Выбрать главу

— Господа, что у вас творится? — оглянулся на свиту, стоявшую сзади, пожал плечами. — Губернское правление получило сообщения о… м-м… странных делах, происходящих здесь у вас. И я приехал разобраться по-хорошему. Прошу объяснить, граждане! Ну, хотя бы вы… — указал вице-губернатор пальцем в сторону Лаврентия Щибраева, стоявшего впереди всех.

Почему он выделил из толпы именно Щибраева — неизвестно.

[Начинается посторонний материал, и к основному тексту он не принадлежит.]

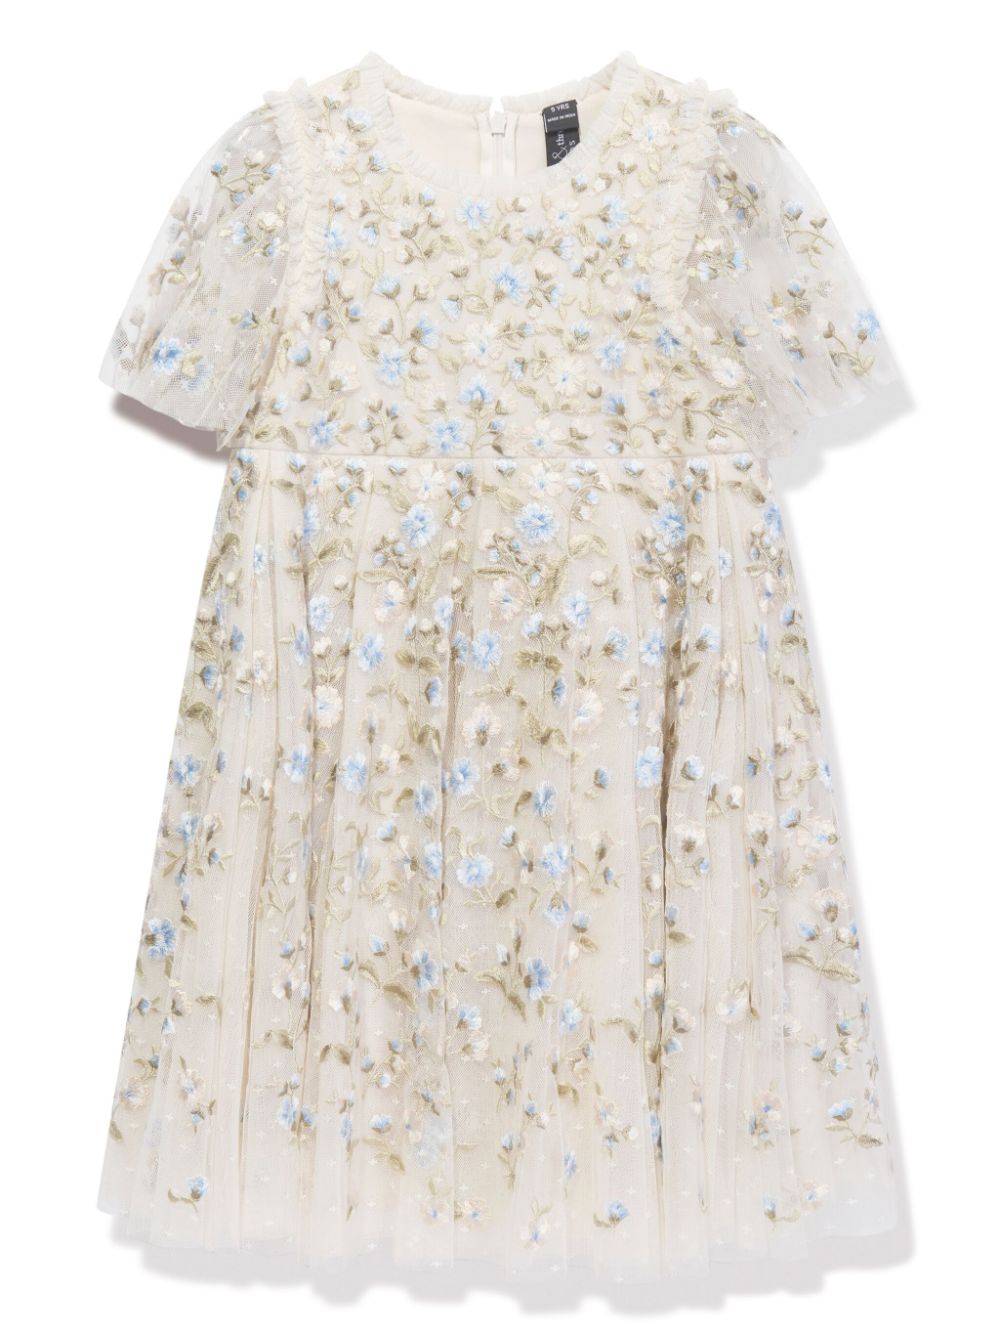 NEEDLE & THREAD KIDS floral-embroidered dress Beige

Из-за высокого роста? Так за Лаврентием стоял дылда Череп. Возможно, внимание привлекла его благообразная бородка Иисуса Христа? Или большие, пронзительно-суровые глаза? Такие глаза вице-губернатор видел, кажется, на картине Сурикова у боярыни Морозовой. Они ему не по нутру, как и вообще аскетические лица разных подвижников, упрямых, как ослы. Для таких высшее блаженство — пострадать за народ. Не любил их вице-губернатор еще и потому, что твердокаменные характеры из простонародья вызывали в нем зависть. Корректный холеный барин, он не признавался себе в тщеславии, но знал, что высший предел, которого может достичь человек в жизни, — это стать духовным вождем. И он сразу подумал, что стоящий перед ним человек — именно такой вождь.

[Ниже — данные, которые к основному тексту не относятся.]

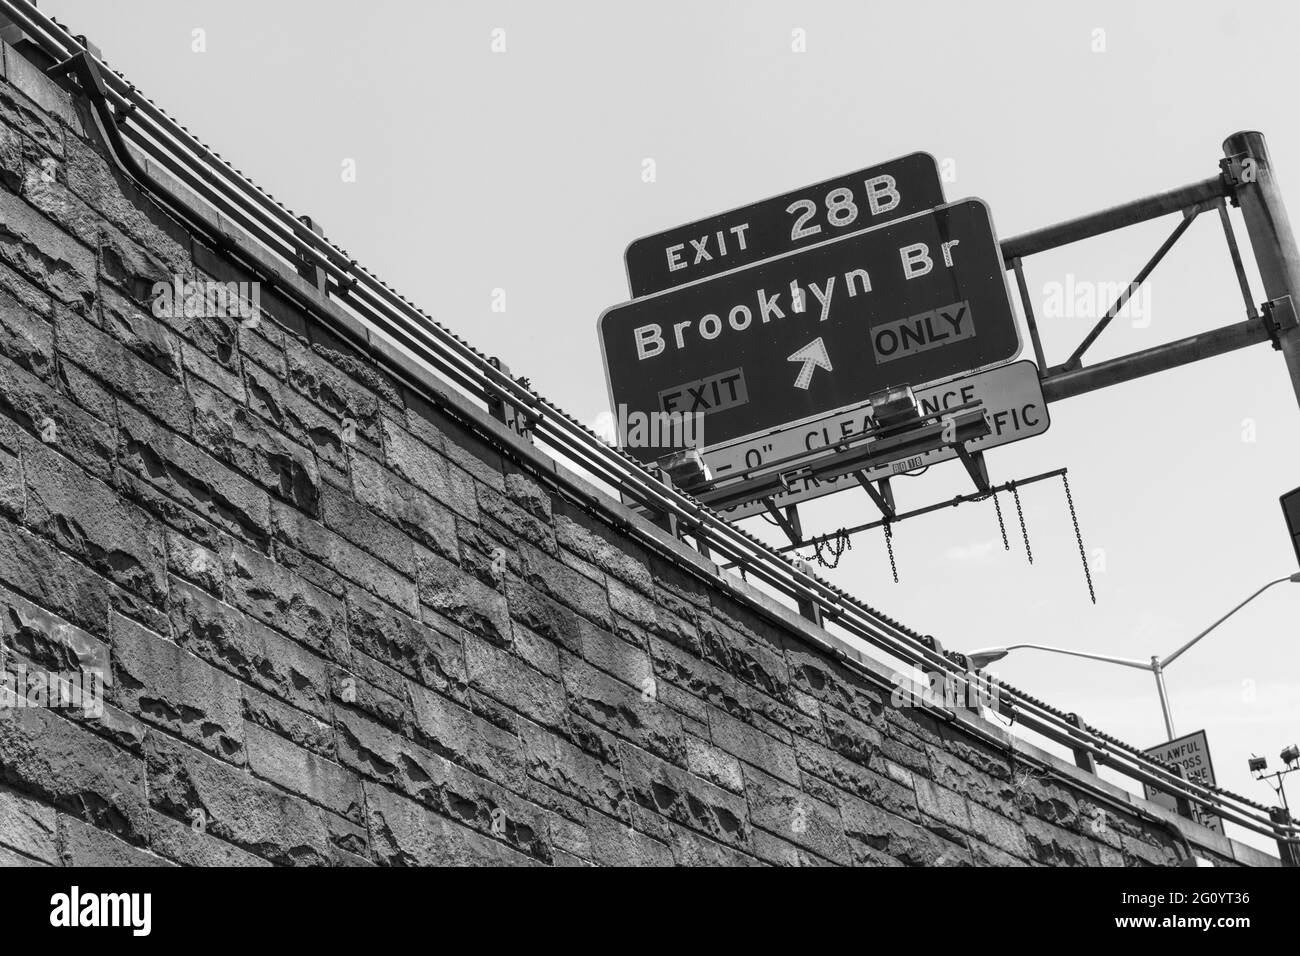 Panneau de sortie, pont de Brooklyn, Brooklyn, New York, États-Unis Banque D'Images

Лаврентий ступил вперед, печально усмехнулся и резким, чуть вздрагивающим голосом проговорил:

— Господин начальник, вы спустили на нас целое войско, как на японцев. Какие уж тут разговоры по-хорошему…

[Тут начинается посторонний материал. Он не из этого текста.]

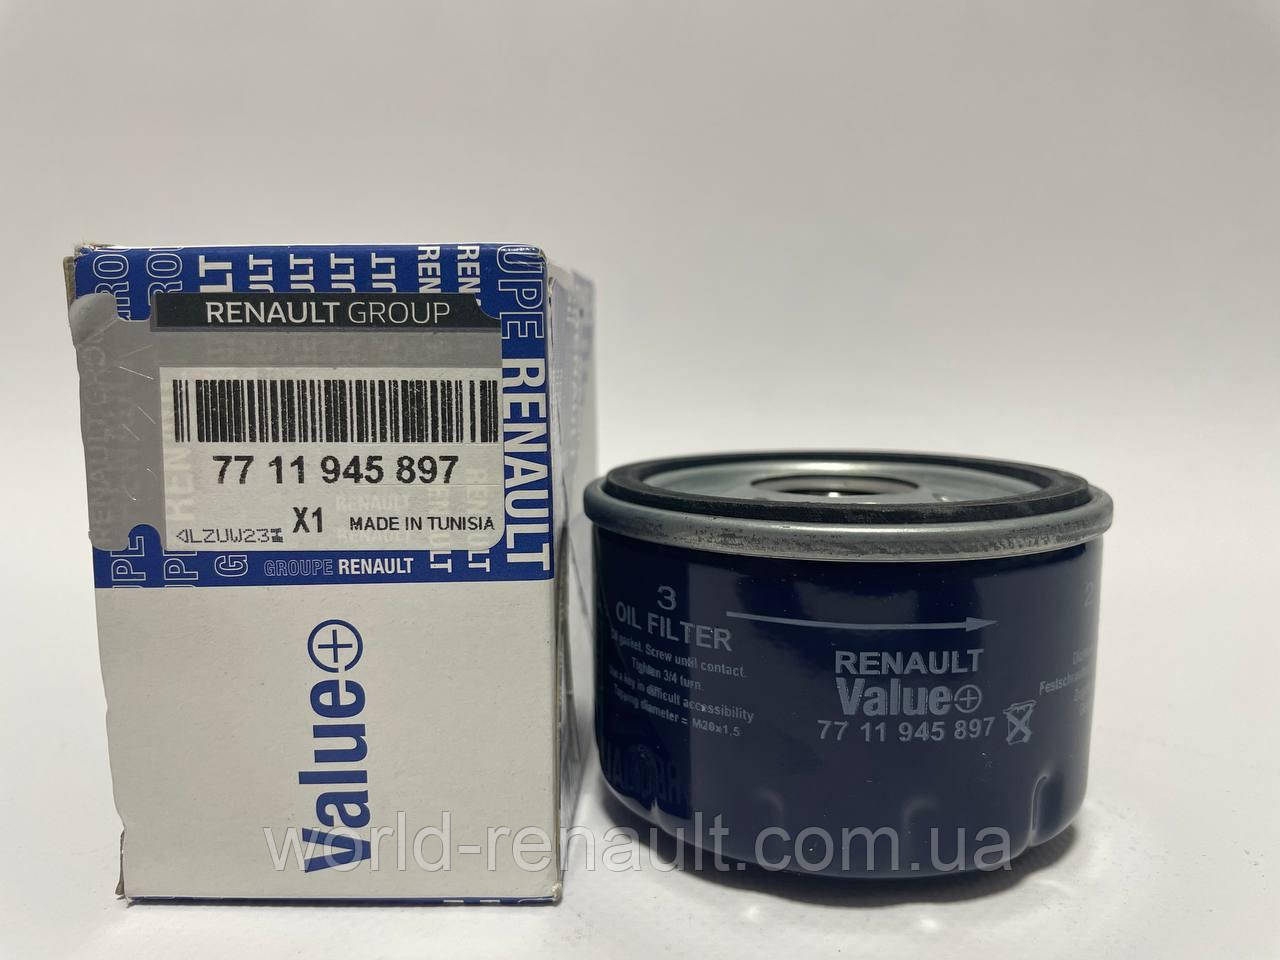 Value + (Renault) 7711945897 — Оливний фільтр на Рено Лагуна III 1.6i 16V K4M

Начальник смутился, передернул плечами. На что намекает этот хам? Не хочет ли сказать, что он, вице-губернатор, высший сановник империи, окружил себя казаками потому, что боится безоружного сброда?

— Зря беспокоитесь, — продолжал Щибраев. — У нас порядок, нет ни убийств, ни грабежей. Мы сами охраняем свою жизнь.

— Посягательств на вашу особу не будет, — подал голос Князев. — В этом мы ручаемся. Но крестьяне хотели бы слышать и от вас то же самое. Народ напуган, разбежался по лесам.

— Так скажите им — пусть возвратятся! — воскликнул вице-губернатор.

— Нет, это вы им скажите, — показал Князев на сход.

— Граждане! — призвал вице-губернатор. — У кого дети и жены в лесу, пусть спокойно идут по домам. Никому ничего не будет. Я даю вам слово дворянина!

И он трижды повторил это, поворачиваясь на все стороны.

Казаки, по команде сотника, вывели коней из толпы, вскочили в седла и уехали к своим в ремесленное училище. Крестьяне подались ближе к крыльцу.

— Как я понимаю, граждане, — продолжал вице-губернатор, — вам неверно истолковали манифест о гражданских свободах, дарованных императором. Манифест — это общая программа. Позже, вероятно, последуют разъясняющие инструкции, которые укажут, как согласовывать дарованные блага с действующим законодательством и когда они вступят в действие. Вы же самовольно сняли законного старшину, поставили другого да еще провели ряд недопустимых для общегосударственного порядка нововведений — создали в самодержавном государстве независимую республику! — Здесь он не удержался от ехидной усмешки, но тут же подавил ее, и лицо его приняло прежнее укоризненно-назидательное выражение. — То, что годится для французов, для русских вредно. Прошу вас, граждане, все выдуманное бросить и восстановить прежний порядок.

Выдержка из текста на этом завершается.